Set `"commit": true` to trigger a VAD commit when using `commit_strategy: manual`.

**Server → client (JSON frames)**

| Frame type                             | Description                                        |
| :------------------------------------- | :------------------------------------------------- |
| `session_started`                      | Sent once after connection is established.         |
| `partial_transcript`                   | In-progress transcript — text may still change.    |
| `committed_transcript`                 | Final transcript for the committed audio segment.  |
| `committed_transcript_with_timestamps` | Final transcript including word-level timing data. |
| `error`                                | Sent before closing on auth or upstream errors.    |

### Example

```js
const ws = new WebSocket(
  "wss://api.meshapi.ai/v1/audio/transcriptions/realtime" +
    "?model=scribe_v1&audio_format=pcm_16000&commit_strategy=manual&api_key=rsk_..."
);

ws.onopen = () => {
  console.log("Connected. Start sending audio chunks.");
};

ws.onmessage = ({ data }) => {
  const frame = JSON.parse(data);
  if (frame.message_type === "partial_transcript") {
    process.stdout.write("\r" + frame.text);
  } else if (frame.message_type === "committed_transcript") {
    console.log("\nFinal:", frame.text);
  }
};

// Send a PCM audio chunk (from a microphone, for example)
function sendAudioChunk(pcmBuffer) {
  const b64 = Buffer.from(pcmBuffer).toString("base64");
  ws.send(
    JSON.stringify({
      message_type: "input_audio_chunk",
      audio_base_64: b64,
      sample_rate: 16000,
    })
  );
}

// Commit the buffered audio to get a final transcript
function commit() {
  ws.send(
    JSON.stringify({
      message_type: "input_audio_chunk",
      audio_base_64: "",
      sample_rate: 16000,
      commit: true,
    })
  );
}
```

***

## Voice Management

### List voices

`GET /v1/audio/voices`

Browse voices available on your ElevenLabs account. Supports pagination, full-text search, and filtering.

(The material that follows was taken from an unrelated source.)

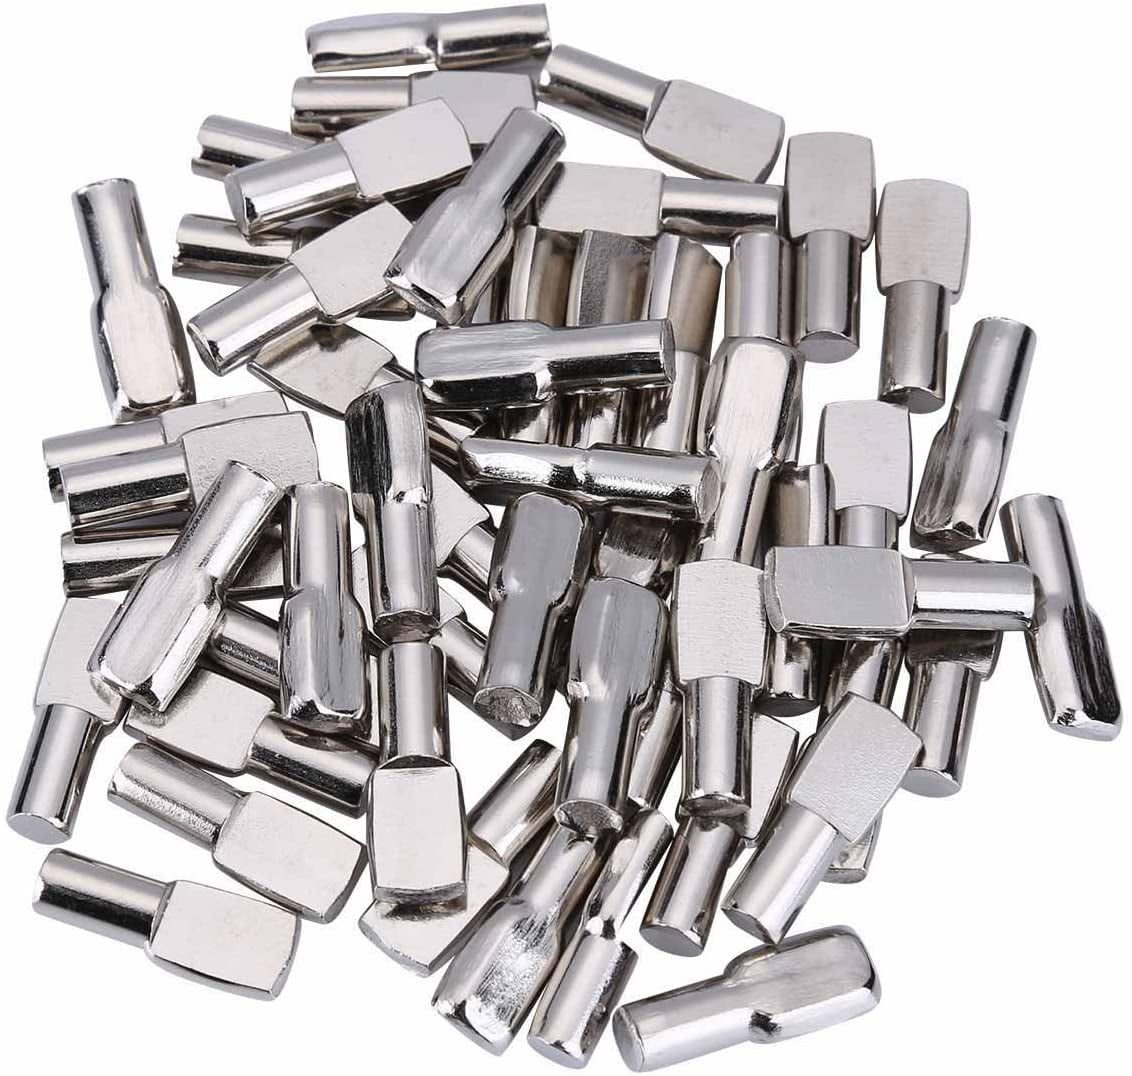  120 Packs Shelf Pins, 5mm Shelf Support Pegs Spoon Shape  Cabinet Furniture Tbestmax : Tools & Home Improvement

| Query parameter       | Description                                                          |
| :-------------------- | :------------------------------------------------------------------- |
| `search`              | Full-text search across voice name and description.                  |
| `voice_type`          | Filter by type: `premade`, `cloned`, `generated`, or `professional`. |
| `category`            | Filter by category.                                                  |
| `voice_ids`           | Comma-separated list of specific voice IDs to fetch.                 |
| `page_size`           | Number of results per page (1–100).                                  |
| `next_page_token`     | Token from the previous response to fetch the next page.             |
| `sort`                | Field to sort by.                                                    |
| `sort_direction`      | `asc` or `desc`.                                                     |
| `include_total_count` | Include the total number of matching voices in the response.         |

```bash
curl "https://api.meshapi.ai/v1/audio/voices?search=rachel&voice_type=premade&page_size=10" \
  -H "Authorization: Bearer rsk_..."
```

### Get a single voice

`GET /v1/audio/voices/{voice_id}`

Fetch metadata for a specific voice by its ElevenLabs voice ID.

```bash
curl https://api.meshapi.ai/v1/audio/voices/JBFqnCBsd6RMkjVDRZzb \
  -H "Authorization: Bearer rsk_..."
```

***

## Error handling

All endpoints use standard HTTP status codes. Common cases:

| Code  | Meaning                                                 |
| :---- | :------------------------------------------------------ |
| `401` | Missing or invalid API key.                             |
| `422` | Validation error — check the response body for details. |
| `429` | Rate limit exceeded.                                    |
| `402` | Insufficient account balance.                           |

WebSocket sessions send a JSON `error` frame and then close with code `1000` before disconnecting.